Striptease supporters agree that most heroin addicts will never give up on drugs, regardless of the test result.
"All this time, only three people have thrown away positive samples," said Tino Fuentes, an overdose prevention officer who has become a sort of Johnny Appleseed in the United States for test strips. promoting and distributing them in several cities.
But Fuentes and others believe that the strips can still lead people to reduce the risk of fatal overdose, for example by taking smaller doses or taking drugs in the presence of a person who has a drug reversing overdose .
Fuentes said he was delighted to learn that two people had recently stopped using the strips because they had decided to treat each dose as contaminated and take precautions every time.
"The ideal is to no longer need strips because people use them safely," he said.
NEGATIVE FALSE
Some health officials are concerned that test strips may not detect some contaminants. At the end of last year, the National Health Agency of Canada announced that a preliminary analysis of 70 samples revealed three cases in which the test failed to detect fentanyl or fentanyl. A follow-up analysis by Health Canada found that BTNX strips produced five false negatives out of 364 tested samples.
In Washington, DC, the health department refused to pay or approve their use "based on the high probability of false negatives," said department head Michael Kharfen.
Some social workers understand caution, noting, for example, that test strips detect the presence of fentanyl, but not in what proportion.
"It could be 2% or 98%. And the difference will kill you, "said Reilly Glasgow, who works at the Lower East Side Harm Reduction Center in New York City, part of an organization called Alliance for Positive Change.
But he said his program was finally persuaded to offer the bandages because too many people did not think that fentanyl could be taken in their medications.
"They needed proof," he said.
"THERE IS NO SECOND LINE"
Fentanyl contamination became so commonplace that a New York man joked that his drug addiction had become "a bit of heroin, but especially fentanyl".
The man claimed to have injected heroin since 1992 and spoke to The Associated Press on condition of anonymity because he did not want to compromise his ability to obtain housing, to stay in a homeless program. treatment or to get a job.
He said the test strips were hard to find, but he used them – usually when he was buying drugs from a new reseller. All these tests were positive. He said that he had still taken the drugs, starting with a lower dose called "screening test".
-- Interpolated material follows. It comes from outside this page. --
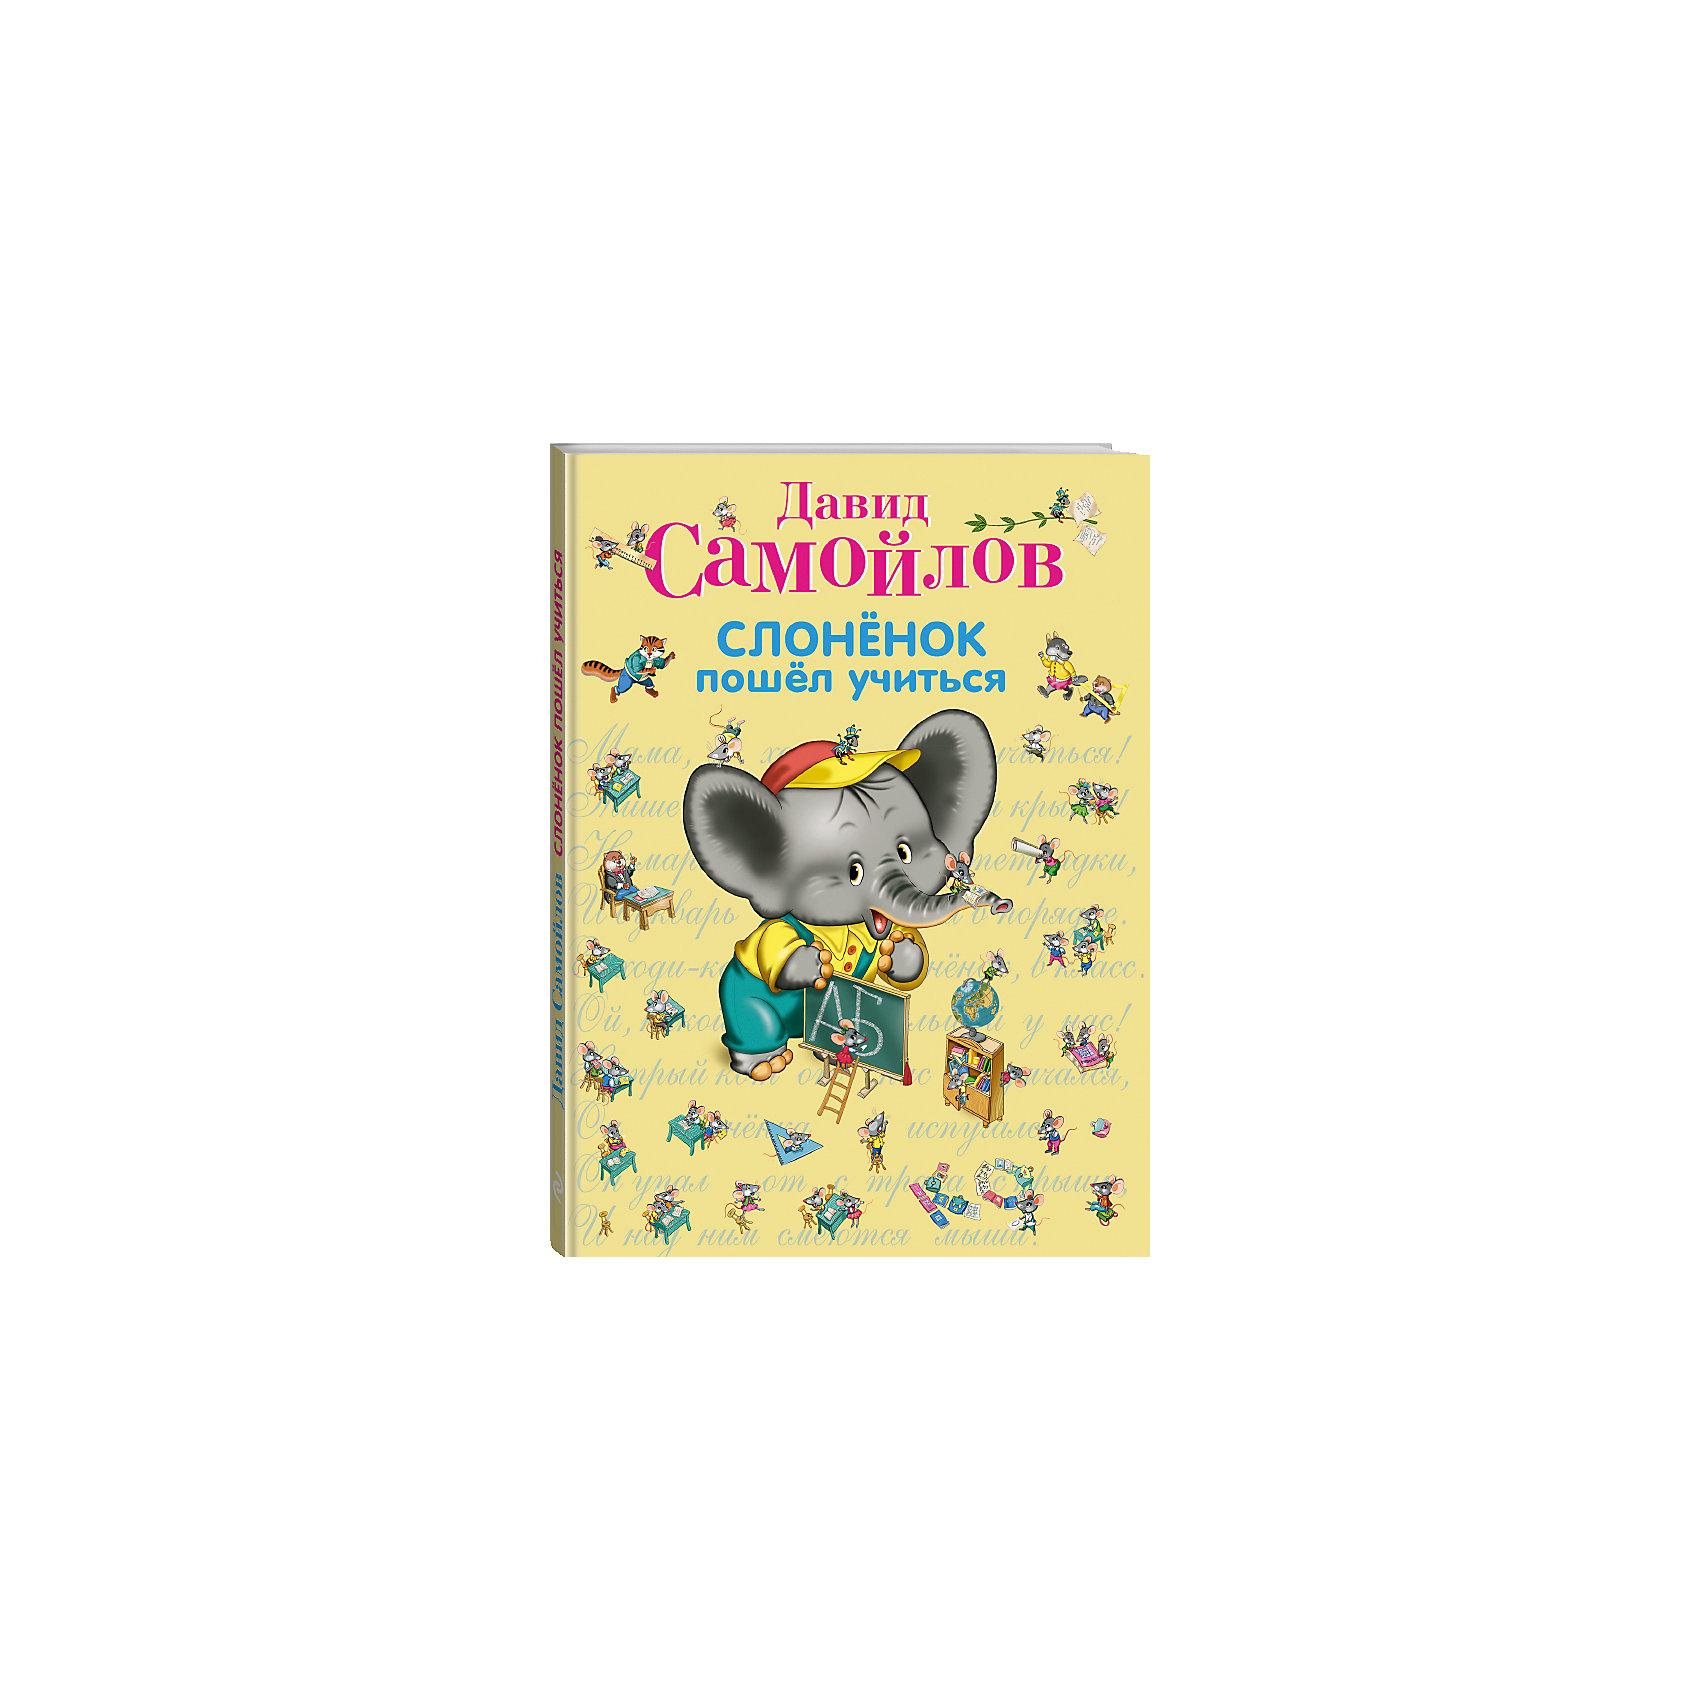 Слоненок пошел учиться, Д. СамойловЭксмо<br>Слоненок пошел учиться – это сказка Давида Самойлова о маленьком слонёнке, который ну очень хотел учиться в школе!<br>Познакомить малышей с драматическим жанром вам поможет необычная пьеса-сказка в стихах Слоненок пошел учиться, рассказывающая о том, как непросто большому слоненку было найти для себя школу, и с какими трудностями столкнулся маленький ученик в свой первый день в школе. О том, как слоненок заслужил любовь и уважение одноклассников-мышат, как из плаксы и недотепы превратился в смелого защитника ребята узнают, дослушав или прочитав историю самостоятельно до конца. Стихотворная пьеса написана по ролям, ее легко можно поставить на празднике в детском саду или школе. Остроумные шутливые диалоги очень просты для запоминания и маленькие читатели с удовольствием попробуют себя в роли настоящих актеров. Книга гармонично дополнена красочными добрыми рисунками. Для младшего школьного возраста.<br><br>Дополнительная информация:<br><br>- Автор: Самойлов Давид Самойлович<br>- Художник: Панков Игорь<br>- Редактор: Кондрашова Л.<br>- Издательство: Эксмо, 2013 г.<br>- Серия: Стихи и сказки для детей (Подарочные издания)<br>- Тип обложки: 7Бц - твердая, целлофанированная (или лакированная)<br>- Иллюстрации: цветные<br>- Количество страниц: 72 (офсет)<br>- Размер: 265x205x10 мм.<br>- Вес: 394 гр.<br><br>Книгу «Слоненок пошел учиться» можно купить в нашем интернет-магазине.<br><br>Ширина мм: 255<br>Глубина мм: 197<br>Высота мм: 9<br>Вес г: 410<br>Возраст от месяцев: 36<br>Возраст до месяцев: 72<br>Пол: Унисекс<br>Возраст: Детский<br>SKU: 4414833

One day last month, he showed how the test strips worked on a packet of heroin powder stamped with a blue devil on his side, which he had bought from his usual dealer.
He called the dealer's product "consistently mediocre". It's a selling point, because it means he knows what he's earning "rather than playing Russian roulette".
In a Brooklyn apartment, he stirred the powder into a small cup, added water and sucked the resulting brown liquid into a syringe. Then he put the needle aside, added a few drops of water to what was left in the cup and swept it away.
He then dipped the end of a test strip to absorb water and drug residues. In a few seconds, a red line appeared. "He's supposed to be two. There is no second line, so it contains fentanyl, "he said.
Then he emptied the syringe into a vein on the back of his right hand, his eyes glazed as the drug took effect.
A friend, Jessie Kruger, arrived shortly after. Kruger stated that she was in the habit of injecting heroin but that she had quit smoking more than a year after an episode of scary health.
The test strips "are a godsend," said Kruger. "But it's important not only to do the test strip, but also to test, you can not test everything."